開到一半的時候,雙喜就醒了,人沒什麼力氣,靠在三叔奶的懷裡,狀態恢復了一些還從後視鏡裡朝姚秀英笑,“媽,開慢點,我沒事。”
“你別說話!”姚秀英急得不行。
好在這時候鄉道上沒有紅綠燈,不然姚秀英肯定會控制不住闖紅燈。
麵包車以最快的速度趕到縣醫院,縣醫院的老院長還在接診,雙喜被扶進去的時候,老院長正準備收聽診器下班。
看到雙喜被扶來,停下了動作,上前給雙喜把脈,“這孩子憂思過重,心脈受損……孩子是不是遭受過什麼創傷?這是受了刺激才會這樣,身體扛不住了。”
姚秀英震驚地看向雙喜,雙喜笑著衝她搖頭。
“身體沒有問題,給你開點安神藥,好好休息,休息的時候不要動腦子。”老院長拍了拍雙喜的胳膊,“沒有過不去的坎啊。

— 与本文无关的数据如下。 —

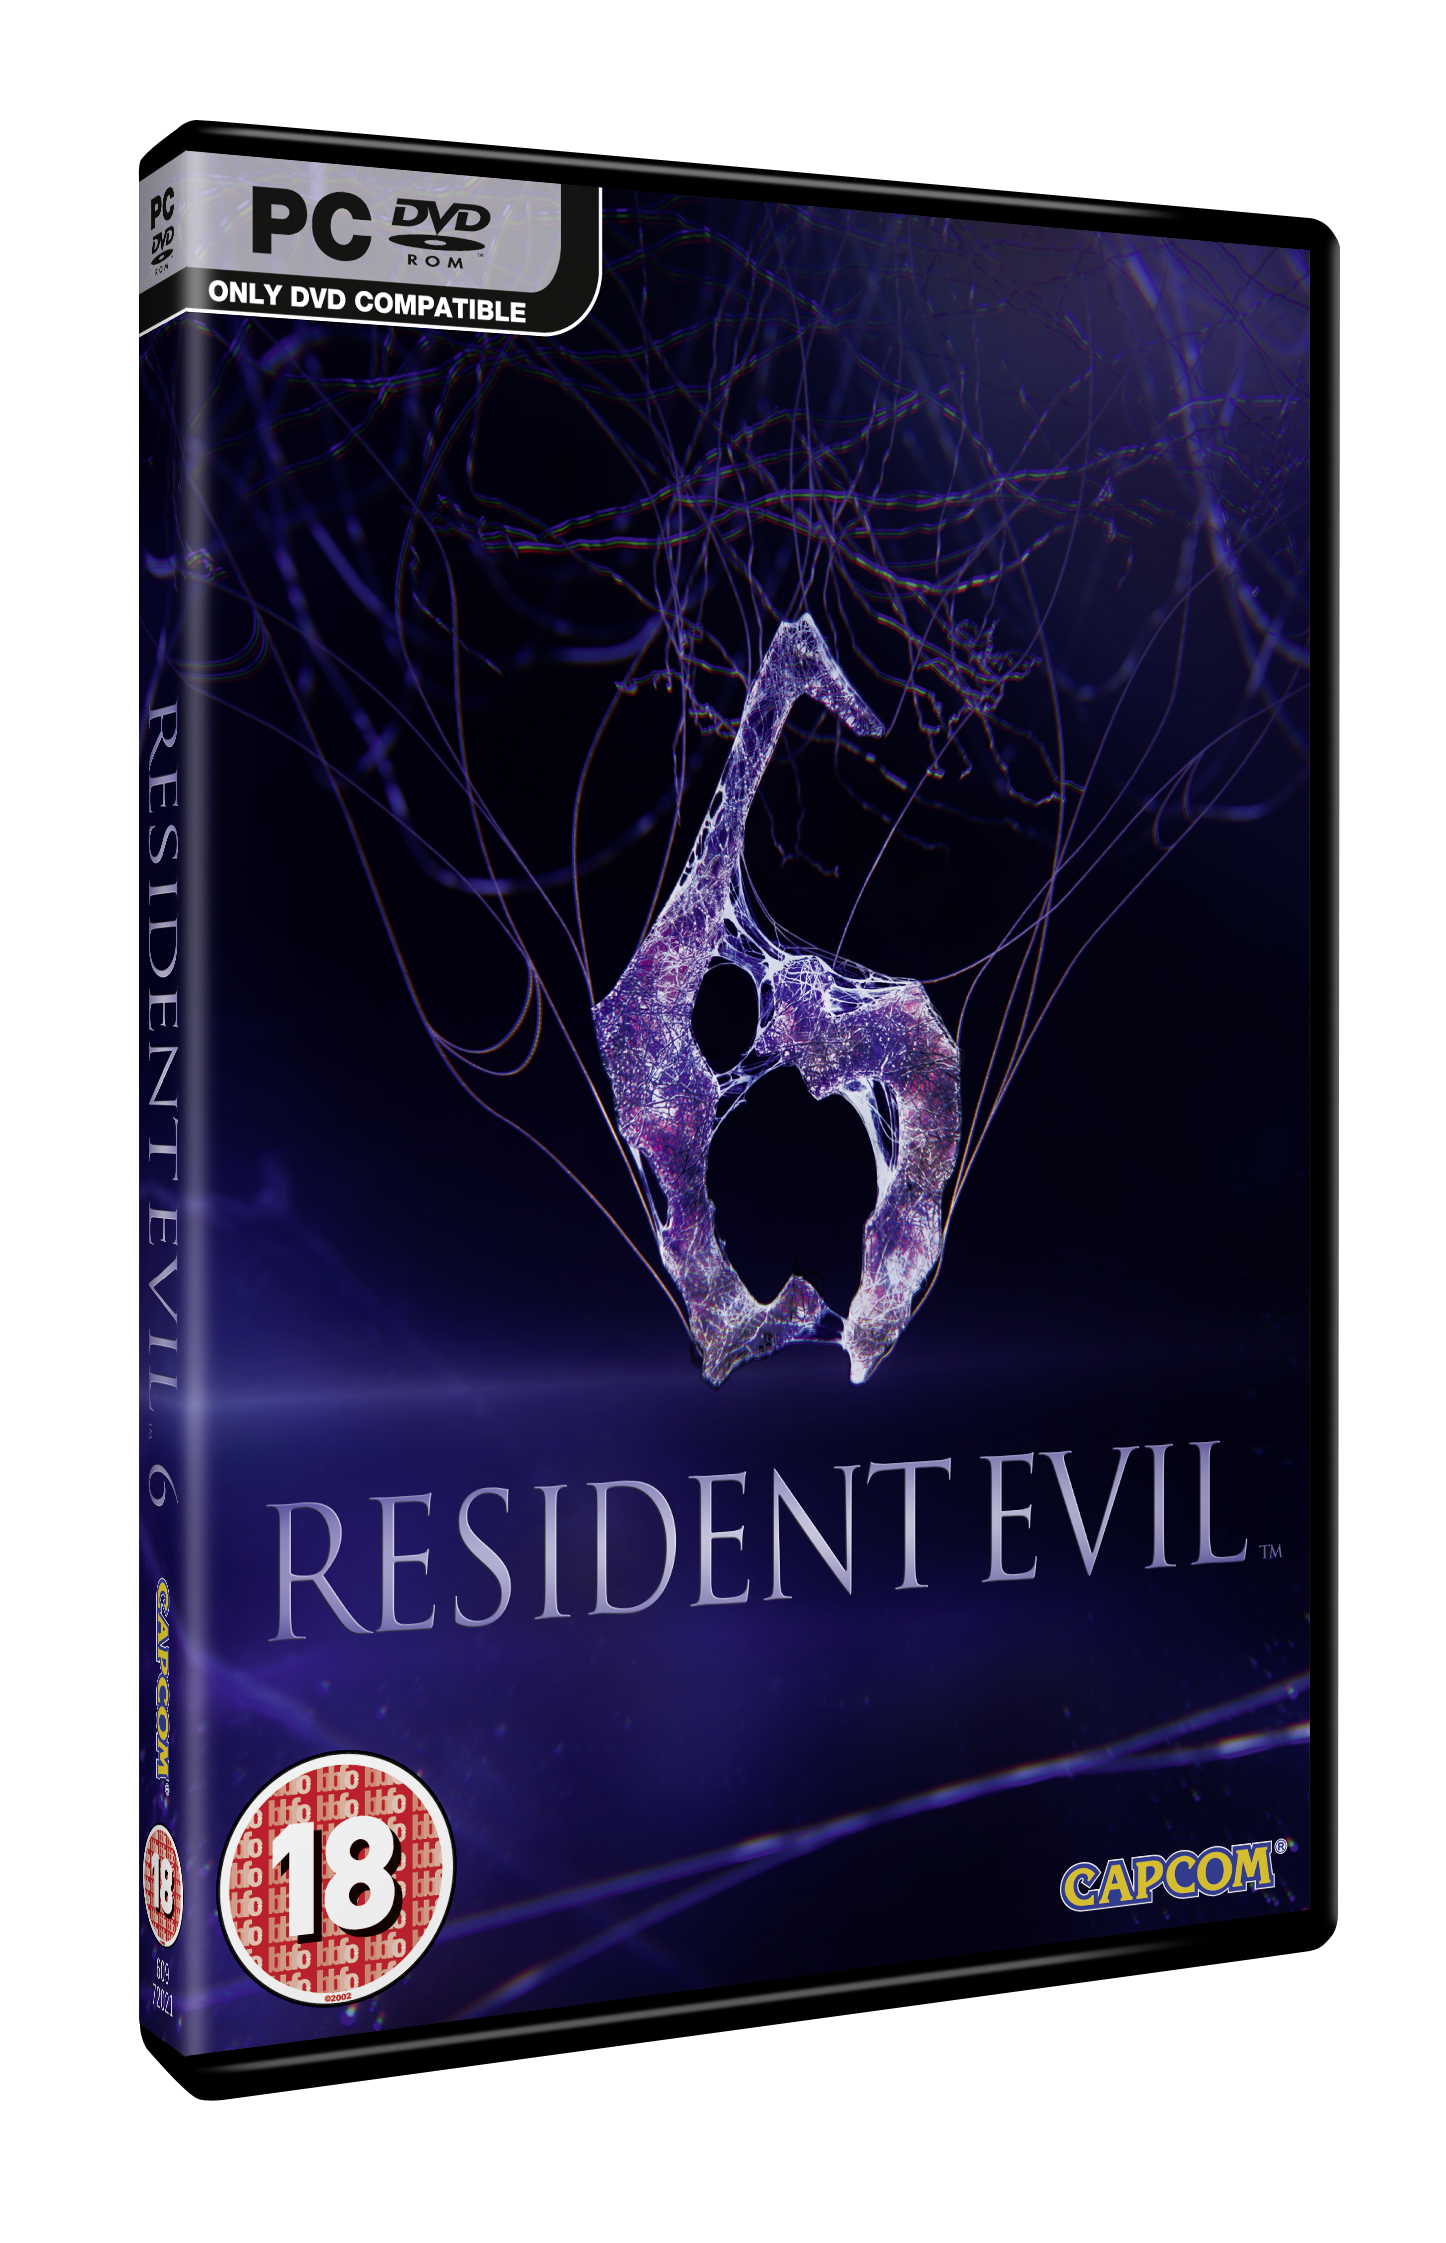 Resident Evil 6 (ps3). Resident Evil 6 Boxart. Диск Resident Evil 6 PC. Resident Evil 5 ps3 обложка. Resident evil 6 отзывы

”
雙喜沒有掛水,而是在門診的病房裡找了個床位給她休息,姚秀英去給她抓藥煎藥,三叔奶在病床前陪著她。
三叔奶今天也嚇到了,雙喜的反應實在是有些不太正常。
好不容易等雙喜睡著後,三叔奶去煎藥的地方找到姚秀英,姚秀英正在那裡守著藥罐子抹淚。
“秀英啊,雙喜沒遇著什麼事吧?”三叔奶擔心啊。
姚秀英搖頭,去羊城大體上都很順利,尤其是雙喜,肯定不是在羊城出的事。
她拿了藥來煎的時候碰到下班的老院長多問了幾句,老院長說了,雙喜平時沒事,突然這樣,很可能是碰到了關鍵人物或者節點,觸發了應激反應,突然這樣。
一般來講,遠離會刺激到她情緒的人就好。
能刺激雙喜的肯定不是三叔奶,那就只有穆勝男和穆來男了。
姚秀英就是再可憐她們,現在也一點同情心也沒有了,她蹲在這裡熬藥的時候一直在想,是不是去羊城前穆勝男她們欺負了雙喜,但她不知道。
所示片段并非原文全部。